Based on the results of PGR optimization, the protoplasts were most efficaciously cultured using the agarose beads technique (FIG. 1Q) comprising Y3A media supplemented with 10 μM NAA, 2 μM 2,4-D, 2 μM IBA, 2 μM GA3 and 2 μM 2iP which was designated as PGRs combination nos. 19 (Table 3). The agarose beads were cultured for three days by surrounding the beads with 21% osmotic solution of either sucrose, glucose or mannitol to maintain the osmotic pressure and to prevent the agarose beads from drying out. The use of different types of carbohydrate as the osmotic solution did not adversely effect the protoplast cultures. However, the protoplasts cultured in the osmotic solution were observed to retain a sphere shape and viability compared to those cultured in the absence of osmotic solution where the protoplasts became oval shaped and half of them burst and died. Higher than 21% osmotic solution quickly changed the agarose beads to a brown color and lead to the formation of pyramid likes crystal on the surface of the agarose beads.

After three days, the osmotic solution was replaced with Y3A liquid media (Table 2) without PGRs. Longer than five days in the osmotic solution resulted in protoplasts becoming a dark color and they developed fur-like structures on the surface of cell wall which retarded cell division. Culturing the agarose beads in Y3A liquid media promoted the cell division and development of microcolonies in eight weeks at the frequency of 22.2%, which was significantly higher than PGRs combination no. 15 where the frequency was 13%. At this stage, the agarose beads were cultured in Y3 liquid media consisting of 4.5% w/v sucrose and resulted in the development of microcalli at the frequency of 9.8% at compared to 4.13% of PGRs combination no. 14. Besides IAA, Zea and BA were excluded from PGRs combination no: 18 and the osmotic pressure surrounding the agarose beads was gradually reduced which increased the numbers of microcolonies and microcalli by two fold.

The use of suspension cultures, optimum media and PGRs alone did not lead to the successful regeneration of plants in this study. Previous studies showed that the development of embryogenic calli from microcalli was a critical problem for oil palm protoplasts cultures. The use of agarose bead culture was identified as one of the factors in which highest frequency of formation of microcolonies (22%) and then further development to microcalli (9.8%) compared to protoplasts embedded in agarose solidified culture. Both culture techniques could protect and maintain the protoplast, agarose bead cultures which allowed for easy transfer and there was minimal disturbance of the protoplasts. Furthermore, the entire agarose bead was in direct contact with liquid media compared to solid media in which only the bottom part of an agarose bead was in contact with the media.
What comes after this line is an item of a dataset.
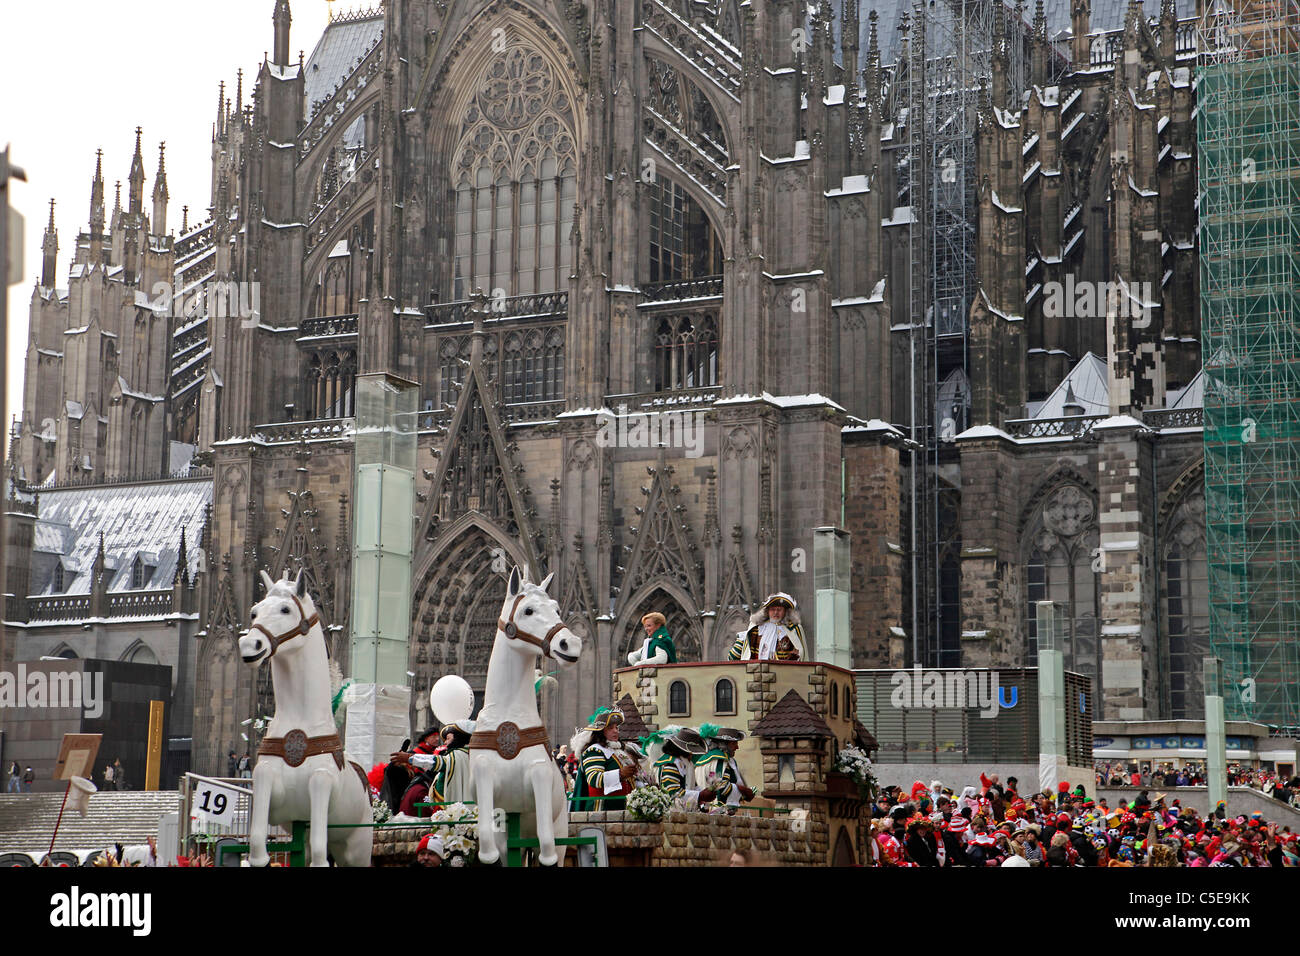 Rosenmontagszug parade, Carnival 2010 in Cologne, North Rhine-Westphalia, Germany, Europe Stock Photo
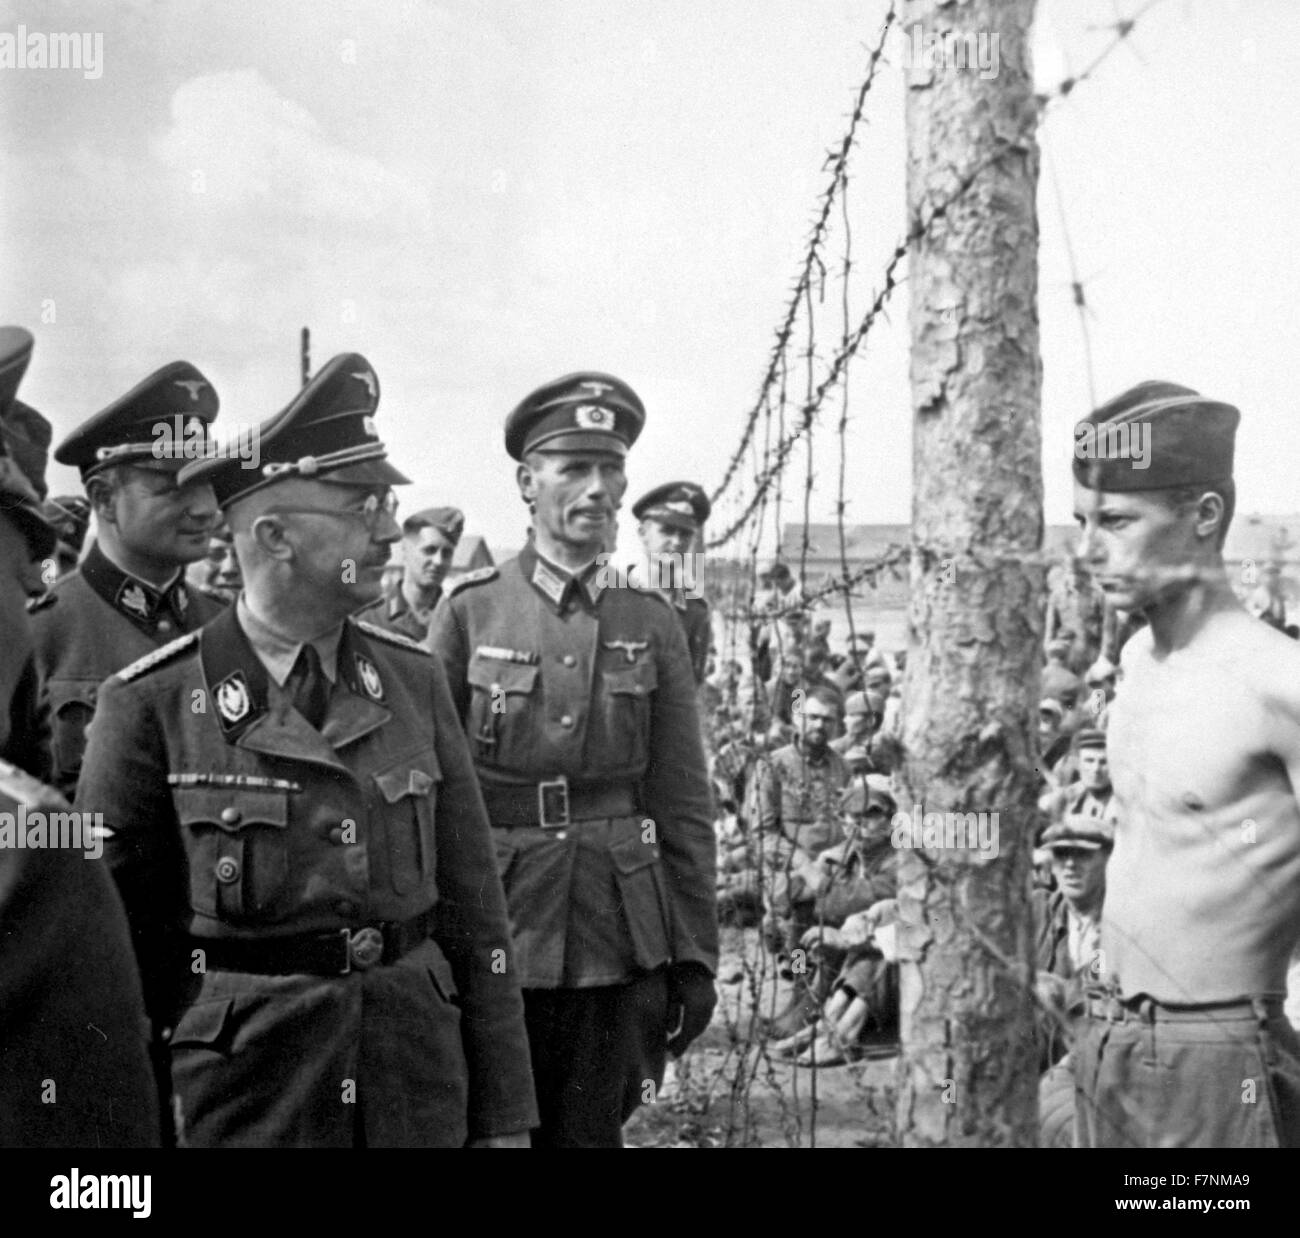 SS Chief Heinrich Himmler

The used of liquid media with different osmotic pressures surrounding the agarose beads was identified as another factor which enhanced the development of embryogenic calli. The time points selected to change these media also influenced the growth of microcalli to embryogenic calli. Earlier or later the time points, the more retarded the growth of protoplasts. In early protoplast culture (3 days), high osmotic pressure surrounding the agarose beads was maintained by using 21% w/v carbohydrate solution which was then slightly reduced by Y3A liquid media consisting of 4% w/v sucrose and 7.2% w/v glucose at day 4, and reduced to normal osmotic pressure by Y3 liquid media consisting of 4.5% w/v sucrose when microcalli were observed at weeks 24.

Example 5

Control of Callus Browning

After 28 weeks, the microcalli failed to further grow to embryogenic calli. It was observed that the microcalli turned brown and light-dark due to the accumulation of phenolic compounds released from the cells and also the chemical reduction of PGRs in the agarose beads. Adding ascorbic acid (AA), silver nitrate (AgNO3) or activated charcoal (AC) with PGRs to the surrounding media of agarose beads reduced the microcalli browning process and promoted embryogenesis. The agarose beads were cultured in Y35N5D2iP liquid media with the addition of different concentrations of AA, AgNO3 and AC. After 4 weeks of cultivation the microcalli become yellowish and then developed embryogenic callus, indicating a further growth of the cells, especially when cultured in media containing 200 mg/l of AA. In comparison, culturing the agarose beads in Y3 liquid media with 200 mg/l AA without PGRs resulted in fewer embryogenic calli forming.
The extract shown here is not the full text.